In essence, these brain immune cells are out to kill invaders, since
the body's immune system sent an emergency message that an invasion
had occurred. With most infections, this phase of activation last no
more than a few days to two weeks, during which time the immune system
successfully kills off the invaders.
Once that is accomplished, the immune system shuts down to allow
things to cool off and the brain to repair what damage was done by its
own immune system.
What researchers knew was that during this period of activation,
people generally feel bad and that what they experience closely
resembles depression -- a condition called "sickness behavior". Most
of us have experience this when suffering from a viral illness -- such
things as restlessness, irritability, a need to get away from people,
trouble sleeping, fatigue and difficulty thinking.

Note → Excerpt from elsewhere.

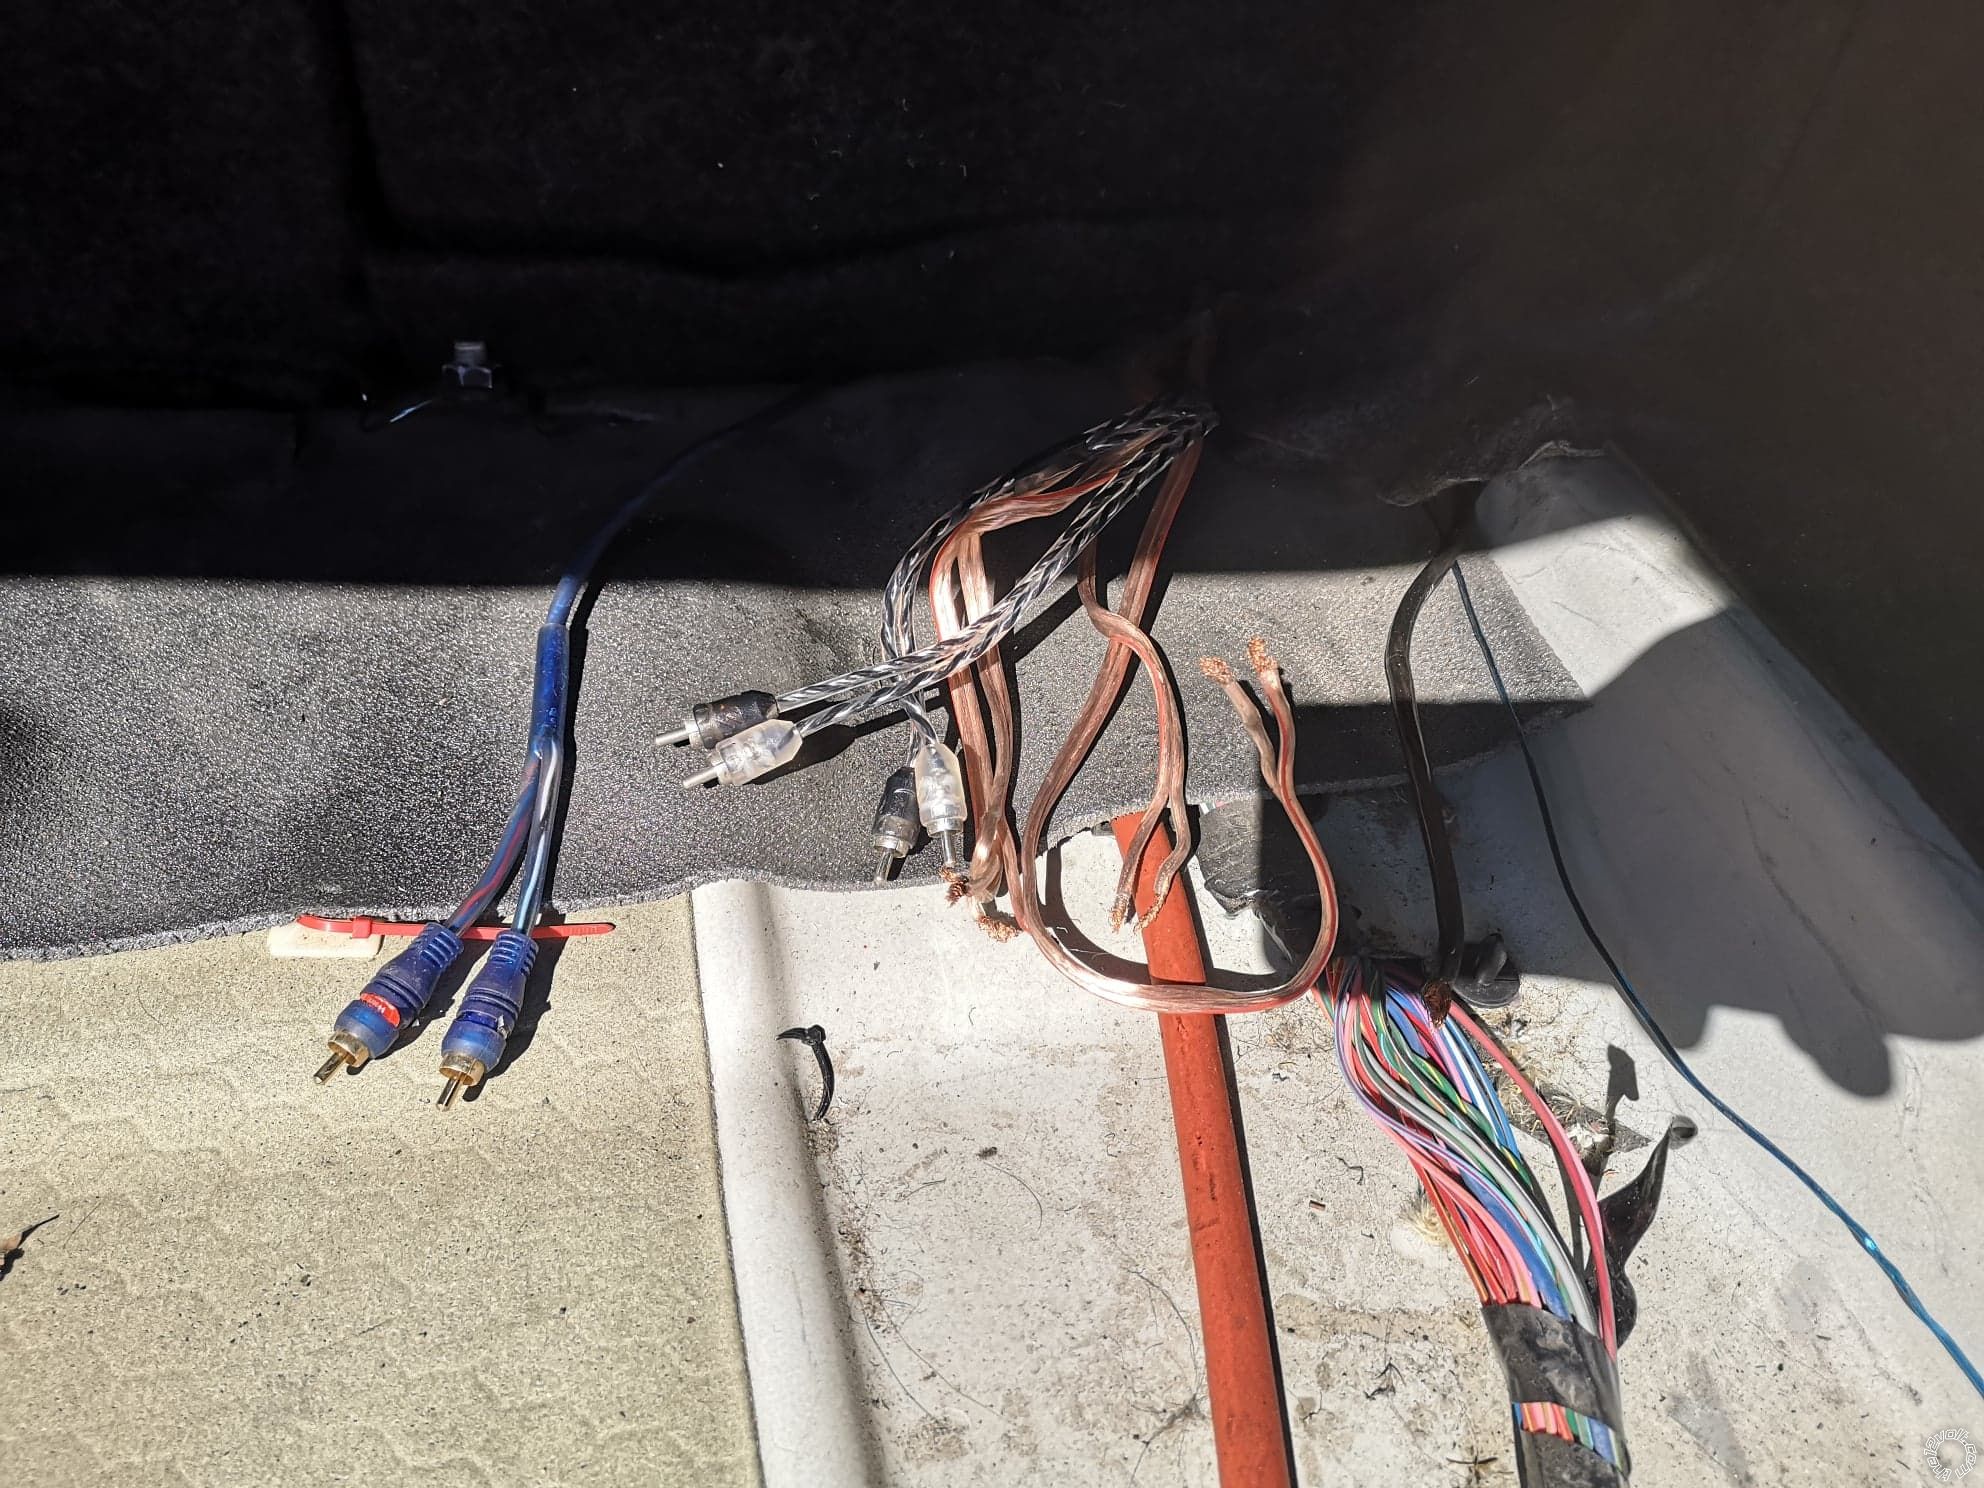 Wiring Speakers in a Chrysler 300, No Amp, No Sub - Last Post -- posted image.

Studies have shown that there are two phases to this "sickness
behavior"; one in which we have the flu-like symptoms and a later
onset of depression-like symptoms that can last awhile. They have also
shown that all of these symptoms are due to high levels of
inflammatory cytokines in the brain, which come from activated
microglia.
A number of studies have also shown that after age 50, people have
exaggerated and prolonged "sickness behavior", much more so than
younger people. This is one of the reasons why many elderly hang onto
flu symptoms for months after exposure.
There is also another immune phenomenon that plays a major role in
vaccine-related brain injury. Researchers discovered that when you
vaccinate an animal, the brain microglia immune cells turn on
partially (called priming), that is, they are in a state of high
readiness. If the immune system is activated again soon after (days,
weeks to months), these microglia explode into action secreting levels
of their destructive chemicals far higher than normal. This
overreaction can be very destructive and make you feel very depressed.

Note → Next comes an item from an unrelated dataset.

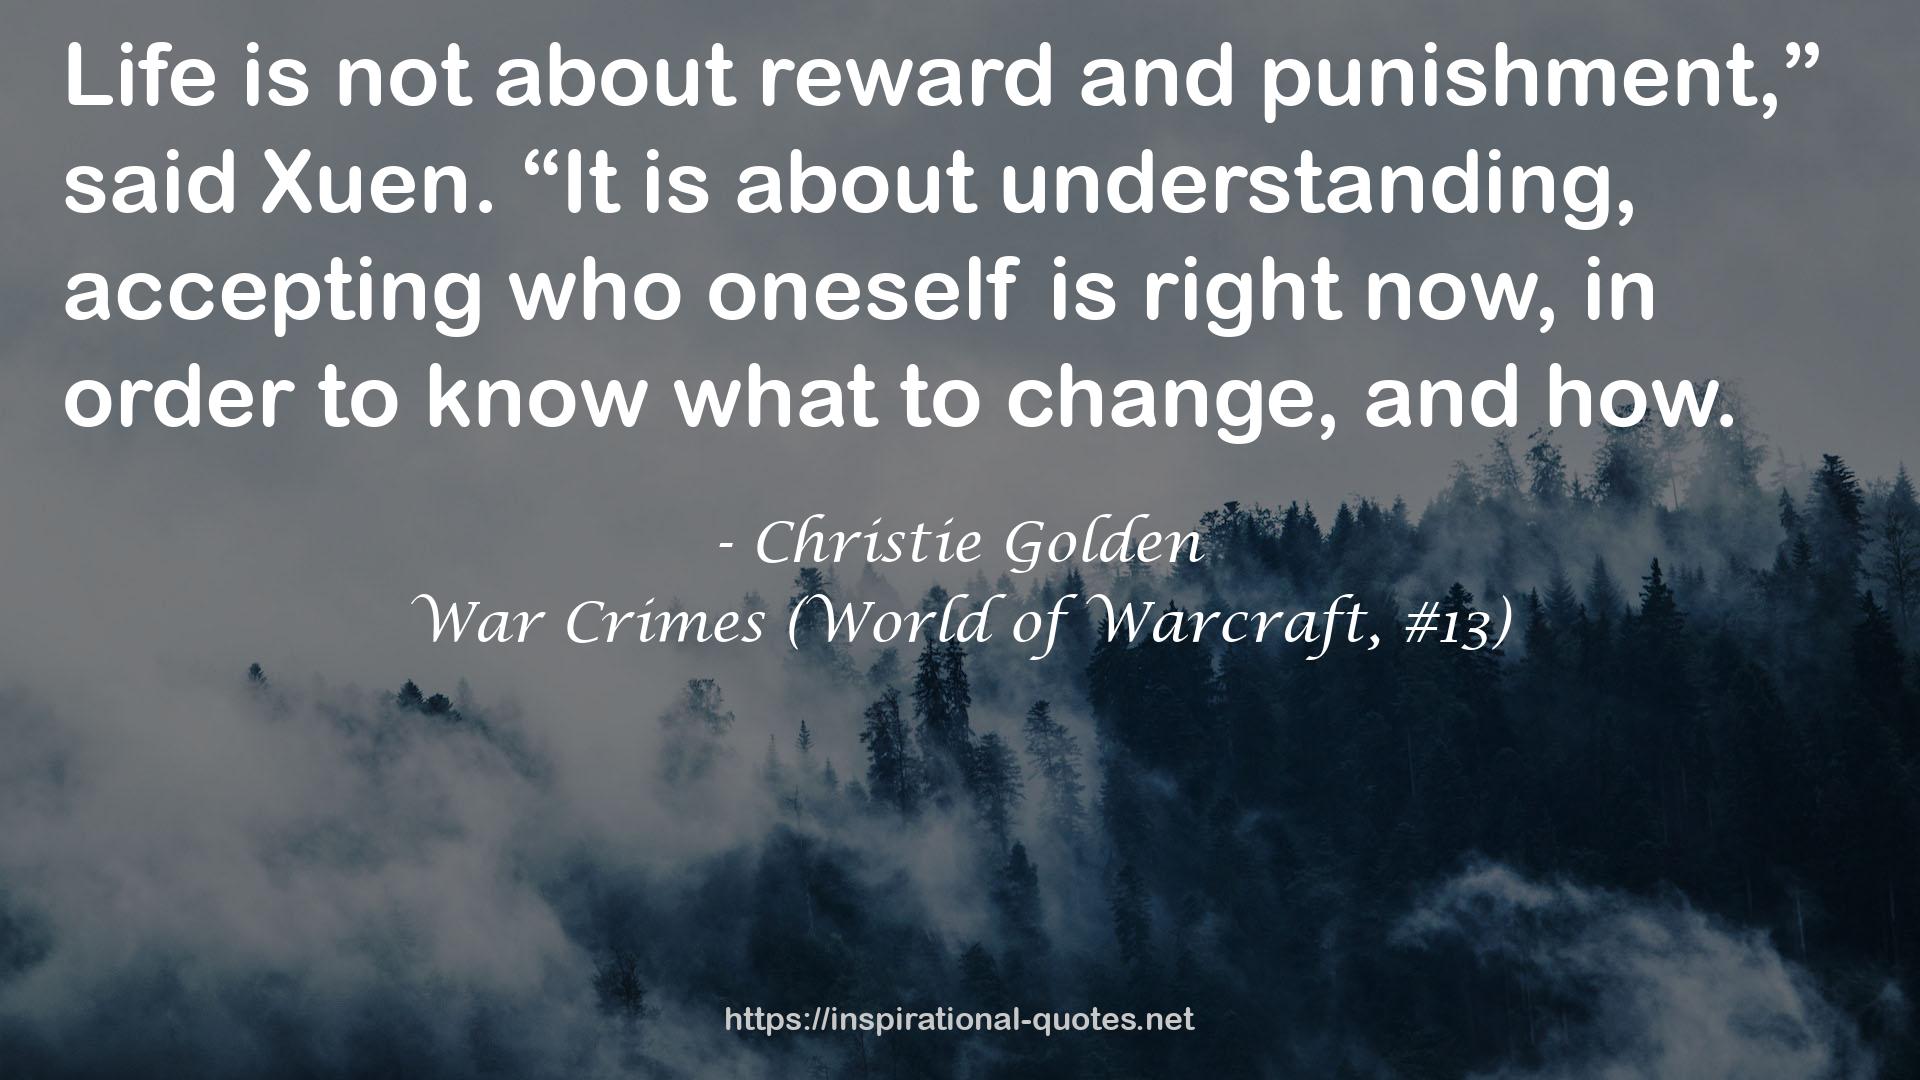 War Crimes (World of Warcraft, #13) QUOTES

Stimulating your immune system with a vaccine is far different than
contracting an infectious illness naturally. Vaccines are made of two
components -- the agent you wish to vaccinate against -- for example,
the measles virus; and an immune system booster called an immune
adjuvant.
These adjuvants are composed of such things as aluminum compounds,
MSG, lipid compounds and even mercury. Their job is to make the immune
system react as intensely as possible and for as long as possible.

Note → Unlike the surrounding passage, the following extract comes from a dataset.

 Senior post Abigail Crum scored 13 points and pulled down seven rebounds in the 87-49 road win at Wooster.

Studies have shown that these adjuvants, from a single vaccine, can
cause immune overactivation for as long as two years. This means that
the brain microglia remain active as well, continuously pouring out
destructive chemicals. In fact, one study found that a single
injection of an immune activating substance could cause brain immune
overactivation for over a year. This is very destructive.
Flu Vaccines and an Expanding Vaccine Schedule for the Elderly
Public health authorities and physician societies are in an all out
campaign to have every elderly person vaccinated every year with the
flu vaccine as well as a growing number of newer vaccines. When I was
practicing neurosurgery, the hospitals had an automatic written order
on all older patients' charts mandating a flu vaccine, unless it was
countermanded by the physician, which I always did.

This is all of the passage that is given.